Saturday, 8 August 2020

Scaling Debuginfo For Zero-Cost Abstractions

In yesterday's post I raised the issue that Rust and C++ promise zero-cost abstractions, but with the standard build configurations people use today, you have to choose between "zero-cost abstractions" and "fast and debuggable builds". Reflecting on this a bit more, I realized that the DWARF debuginfo format used with ELF binaries inherently conflicts with the goal of having both zero-cost abstractions and fast debuggable builds, because of the way it handles inline functions (and possibly for other reasons).

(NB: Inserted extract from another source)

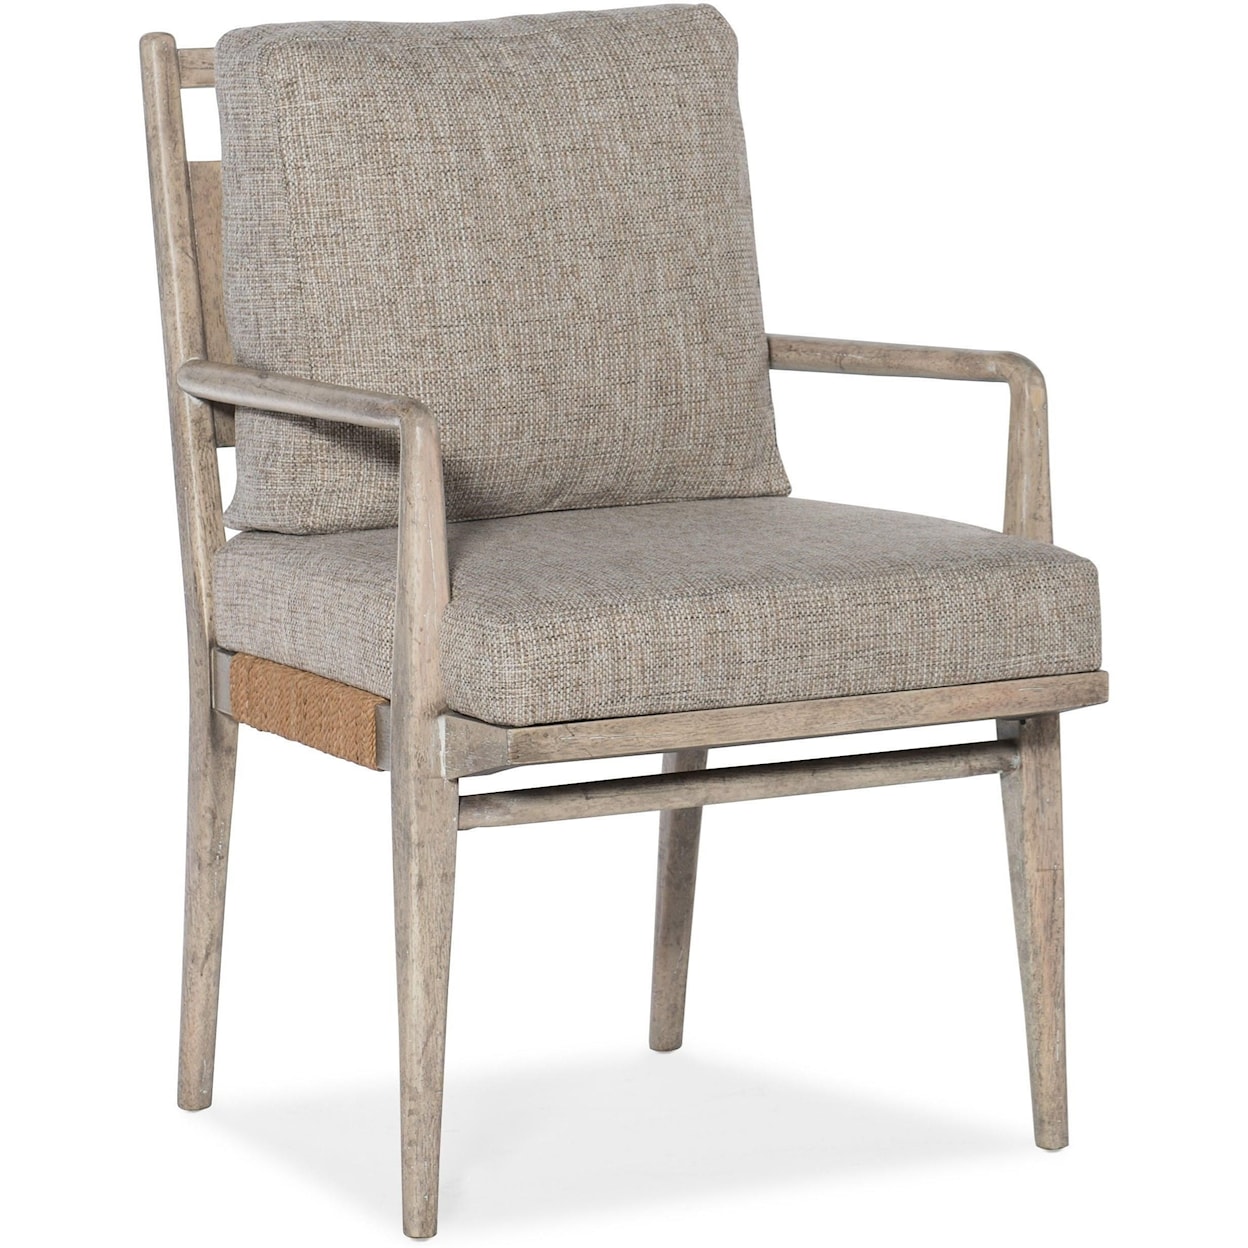 Hooker Furniture American Life Amani Upholstered Arm Chair

Suppose we have a non-inline function F calling non-inline function G, at K sites, each time via a stack of N inline trivial wrapper functions I1 ... IN. Zero-cost abstraction means this compiles to the same code as F calling G directly K times. However, correct DWARF debuginfo for F must contain KxN explicit DW_TAG_inlined_subroutines, one for each instance of an inlined function :-(. Tracking and then emitting all this debuginfo will necessarily slow down the build, and make it slower as you add more layers of abstraction. Maybe this isn't (yet) a problem in practice compared to the cost of optimizations, but it is a fundamental limitation. Fixing it would probably require changing the debuginfo format so that, at least for the "minimal optimizations for fast debuggable builds" mode, the debuginfo for an inline function can be emitted just once and then parameterized for each call site where it is inlined. I don't have a clear idea of how that would work! This probably means the format and emission of debuginfo needs to be carefully codesigned with the optimizer to achieve fast debuggable builds with zero-cost abstractions.


  1. Seems you want no-inline flags!? And, linker can merge duplicated functions, so as their debug info.

  2. No, we need inlining because without inlining "zero-cost abstractions" aren't zero-cost.

    Unfortunately linkers don't modify debuginfo at all during linking, so merging identical functions doesn't merge their debuginfo. Anyway that won't help since in my example there are no duplicate functions to merge.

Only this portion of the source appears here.